1.A mass is moving in uniform circular motion under the effects of a centripetal force. If the force is doubled and the radius is cut in half, by what factor will the speed change?

V^2/R is doubled, since the force doubles..

If R is also halved, V stays the same.
That allows V^2/R to double.

Thanks

To determine how the speed will change when the force is doubled and the radius is halved, we need to consider the relationship between centripetal force, speed, and radius in uniform circular motion.

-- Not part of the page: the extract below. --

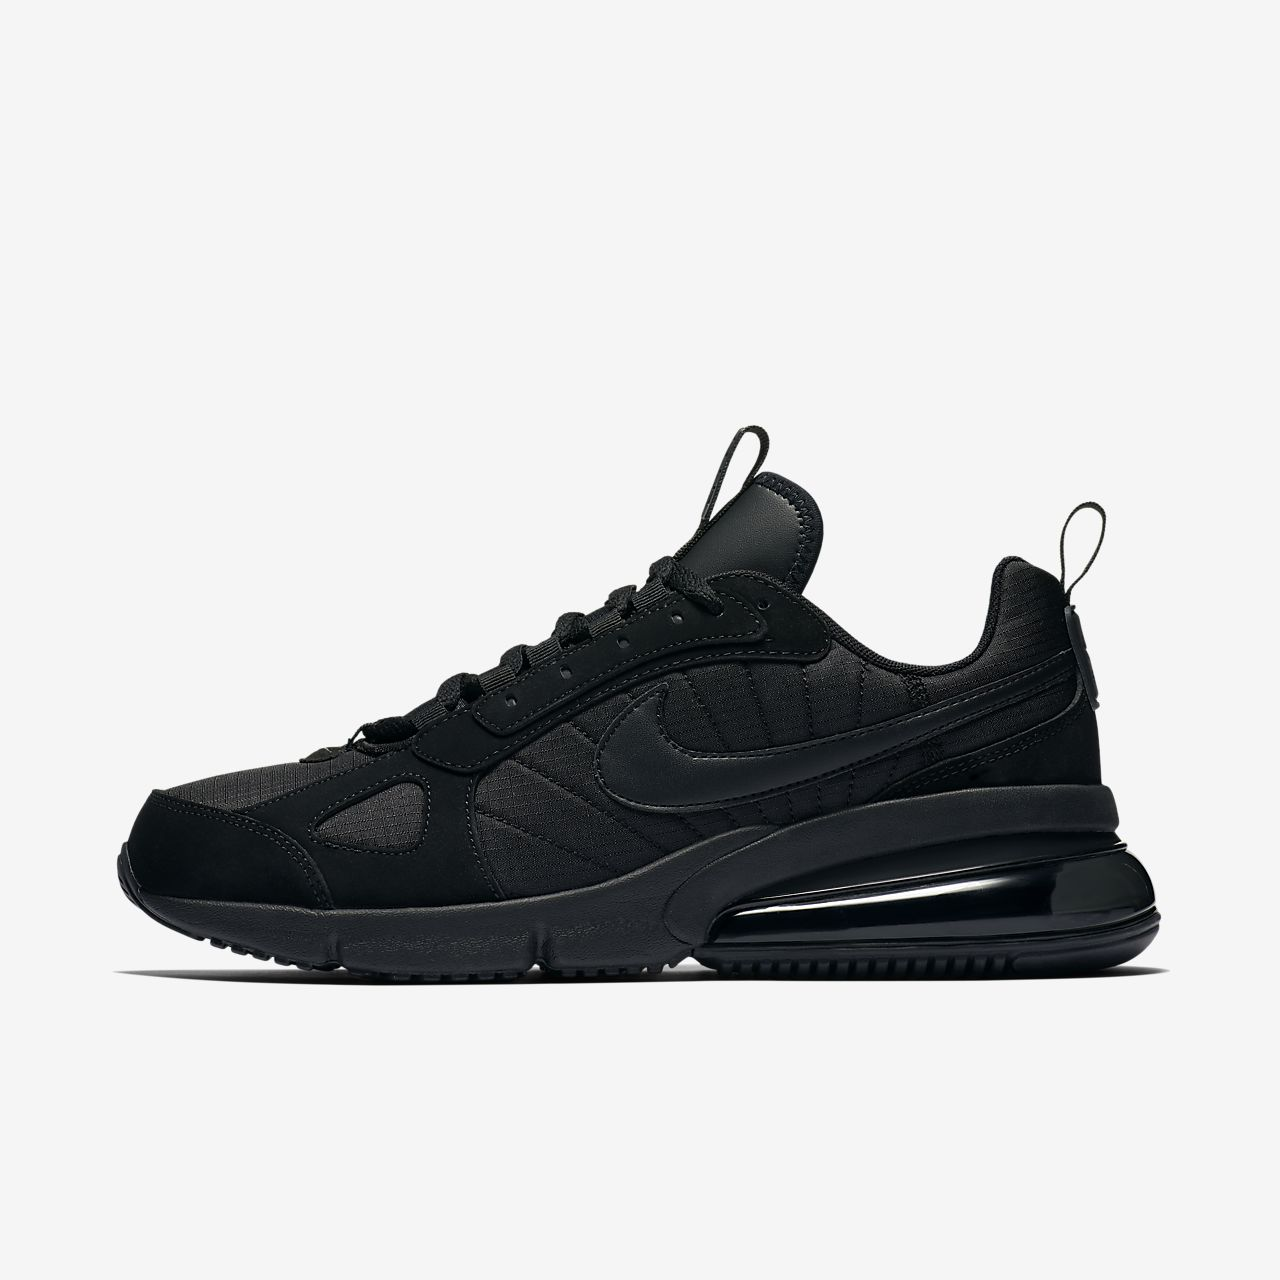 ebf618343a ... new arrivals scarpa nike air max 270 futura uomo f1471 d1d49

The centripetal force is given by the equation:

F = (mv^2) / r

where F is the centripetal force, m is the mass of the object, v is the speed, and r is the radius of the circular path.

Let's denote the initial values of the centripetal force, speed, and radius as F₁, v₁, and r₁. After the changes, the new values will be 2F₁, v₂, and r₂.

Since the force is doubled and the radius is halved, the new centripetal force becomes:

2F₁ = (m(v₂^2)) / (r₂/2)

From this equation, we can observe that the mass cancels out. Rearranging the equation, we have:

v₂^2 = 4F₁(r₂/2)

Next, we can express the initial speed in terms of the initial centripetal force and radius using the equation F₁ = (m(v₁^2)) / r₁:

v₁^2 = F₁(r₁/m)

The m's cancel out, and we can rewrite this as:

v₁^2 = F₁r₁

Now, let's divide the equation for v₂^2 by the equation for v₁^2:

(v₂^2) / (v₁^2) = (4F₁(r₂/2)) / F₁r₁

The F₁ term cancels out, resulting in:

(v₂^2) / (v₁^2) = 2(r₂ / r₁)

Taking the square root of both sides of the equation, we get:

v₂ / v₁ = √(2(r₂ / r₁))

Therefore, the speed will change by a factor of √(2(r₂ / r₁)).

Note: This factor depends on the ratio of the final radius to the initial radius, as indicated by (r₂ / r₁).